Waldschule (Wiener Neustadt)

Hauptgebäude der Waldschule (2013)

Die Waldschule im Föhrenwald wurde 1919 für die unterernährten Kinder der Stadt Wiener Neustadt gegründet und dient heute als heilpädagogische Schule für körperbehinderte Kinder. Angegliedert ist ein Heim für medizinisch-therapeutische Rehabilitation.
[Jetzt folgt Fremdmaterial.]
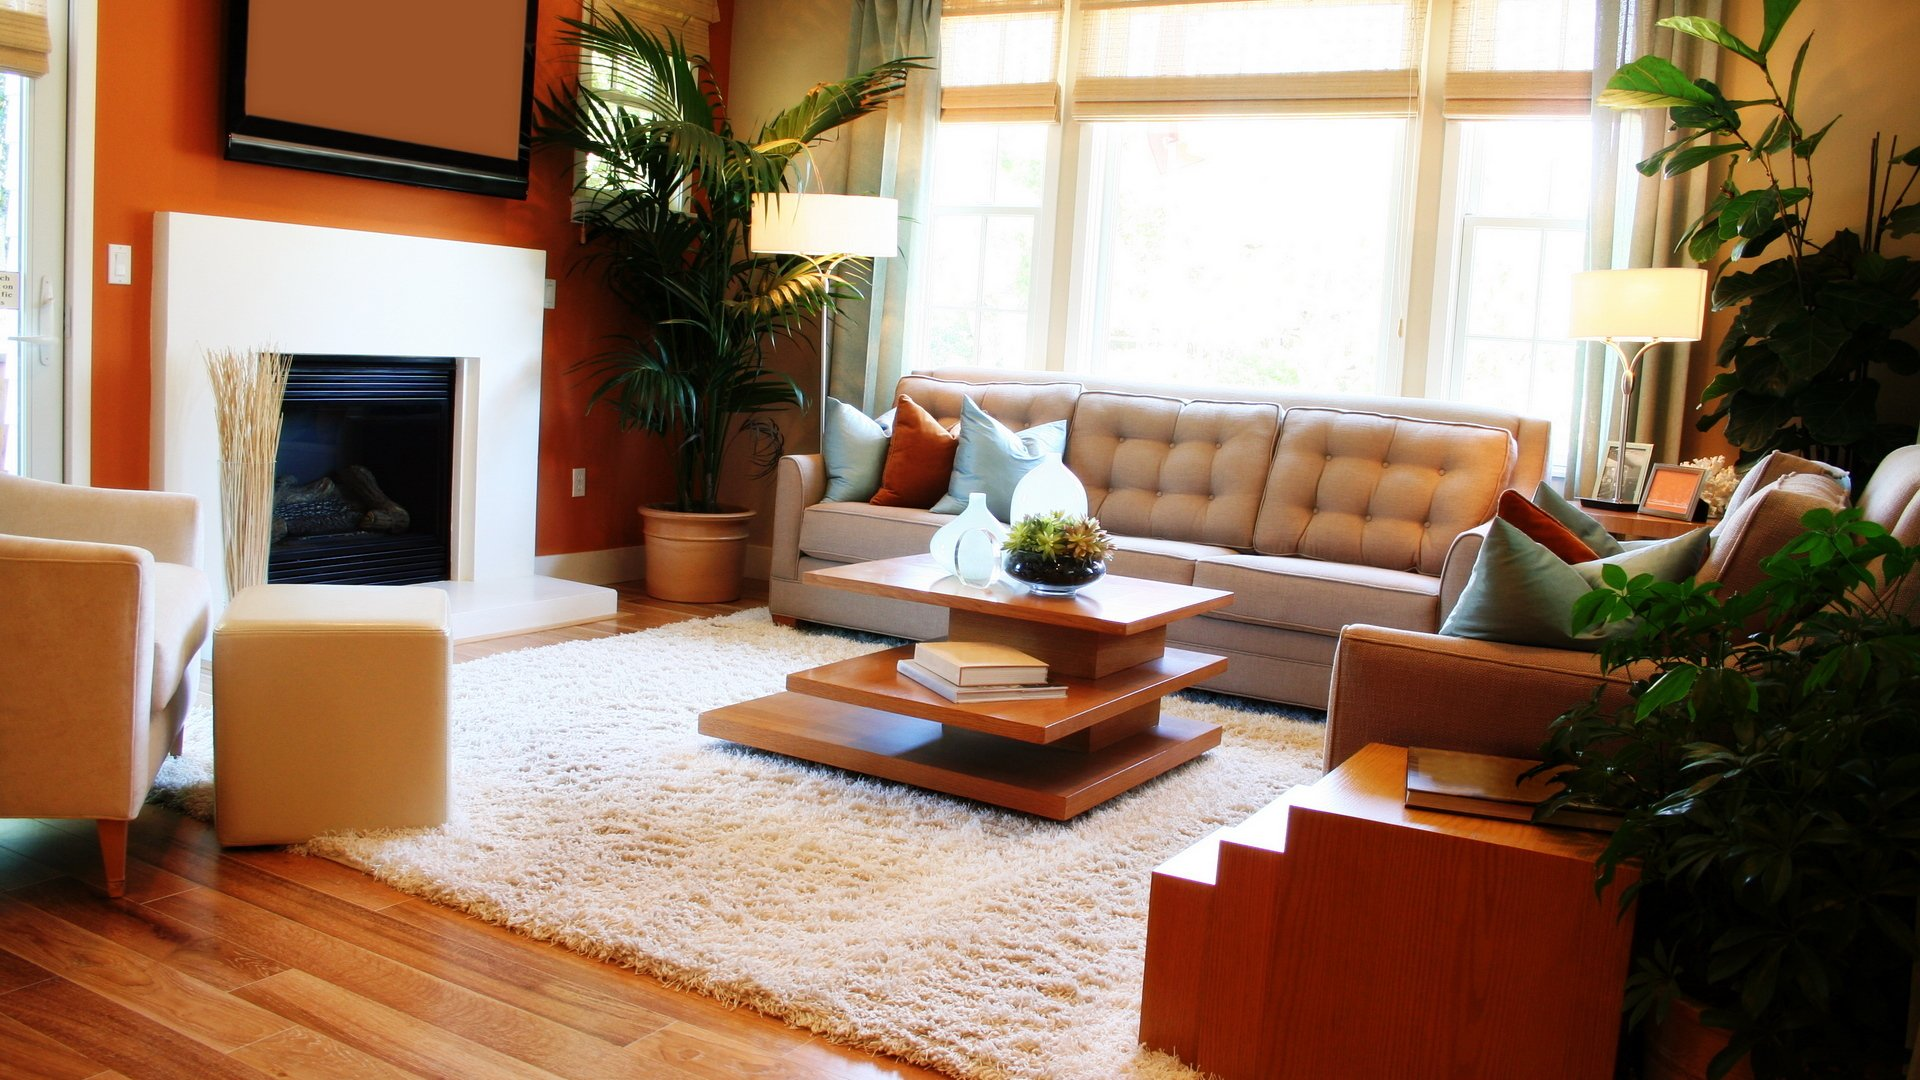 интерьер камин комната диван interior fireplace bathroom sofa онлайн

Die Hungerdemonstration der Frauen im März 1919

Nach dem Ersten Weltkrieg am Anfang der Ersten Republik Österreich war der provisorische Bürgermeister Anton Ofenböck am 26. März 1919 mit einem Streik zu Lohnforderungen der Lokomotivführer und Heizer der Südbahn konfrontiert. Der Staatssekretär für Heereswesen Julius Deutsch und der Vizebürgermeister und Lokomotivführer Josef Püchler waren direkt in die Streikversammlungen der Eisenbahner eingebunden, konnten den Streik aber nicht verhindern. In der Folge wurden die Lohnforderungen teilweise erfüllt.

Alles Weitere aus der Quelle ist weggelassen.